Friday, February 7, 2014
Dogs are up and have been fed. They’ve also been outside twice within the space of 15 minutes. Can’t walk them now. Am still recuperating from mild foot surgery. (But then is any foot surgery mild?) Got Valentino out before he barked too much at the children waiting on the corner for the school bus. My plants are devastated. Crushed under snow and ice. I wonder as I do every time this year: Will they ever bloom again? I fear I shall have to order another Carol Macke Daphne. Too delicate to survive the snow and ice piled on top.
Valentino started playing roughly Lucia. Had to stop him before mom awoke. Mom’s cereal bowl is filled and waiting for her. Bathroom has been cleaned twice since 5:00 am. I hear some thumping. Mom’s cane. Oops, false alarm. But now Valentino has left my office. Well, it’s always easy to lure him back. He’s a compliant, but noisy pup, and likes to be with me.
Sandy! She’s up. Mom is up. What time is it?
It’s only 8:30, mom.
Oooh, I’ll stay in bed. Wake me up later.

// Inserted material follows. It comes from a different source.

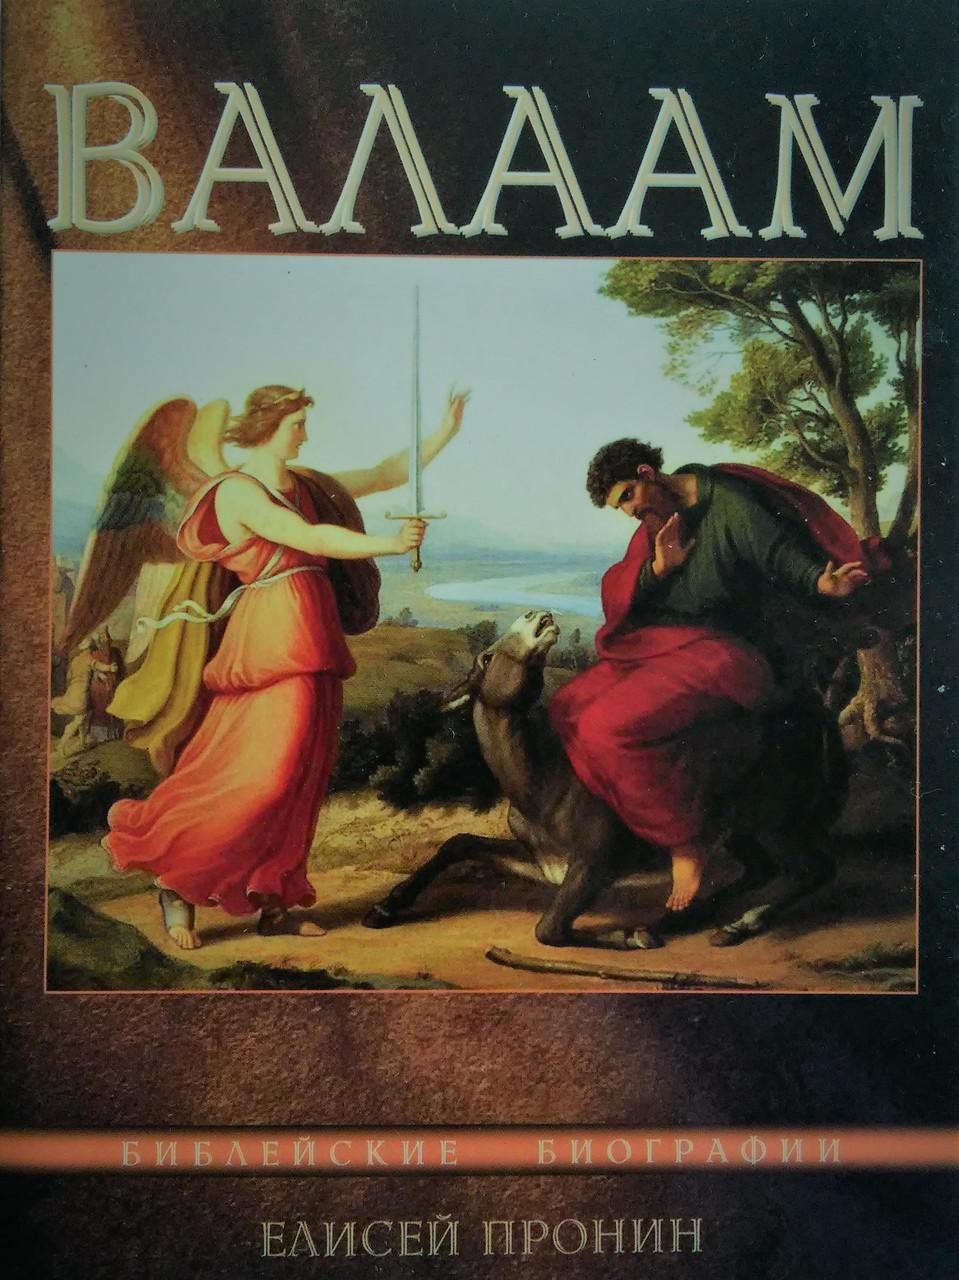 Валаам. Біблійні біографії. Єлисей Пронін

In a matter of a few minutes, she will call again as if for help, looking up with a concerned face: Sandy! What time is it?
Later—
Mom is up now and showered. Small mess, but at least she’s aware of it and asked that I change her Depends, which for her privacy and delicacy are referred to as panties. She is having breakfast now. She greets Rob and begins a series of small seemingly disconnected statements: What time did you get up Rob? It’s 10:34. Did you wear your coat? It’s cold out there.
Rob had to let the pups out again. Fourth trip this morning. They are seeking Aunt Betty, who usually walks with us every morning and afternoon—ever since she lost Coco. “Aunt Betty” takes Lucy, and I take Val. But the snow and ice and freezing temps have prevented our walks for several weeks now. We don’t walk on ice—ever! At least not since I broke my wrist in a fall and Betty fell while walking Lucy. We are no longer intrepid. Is this the kind of fear that leads to joining the ranks of the timid elderly? Mom, while walking timidly to the car one day, remarked that she never used to be this way. She’s right of course. Being short (less than 5 feet tall), mom always walked with a perfectly straight back and in high heels. Bunions and loss of muscle strength stopped this practice over time. She now uses a cane—well, sort of. The cane mostly points in the direction she is attempting to take and often does not touch the floor. Walls and furniture support her until she can lurch forward and take her place on the couch or a chair or her bed.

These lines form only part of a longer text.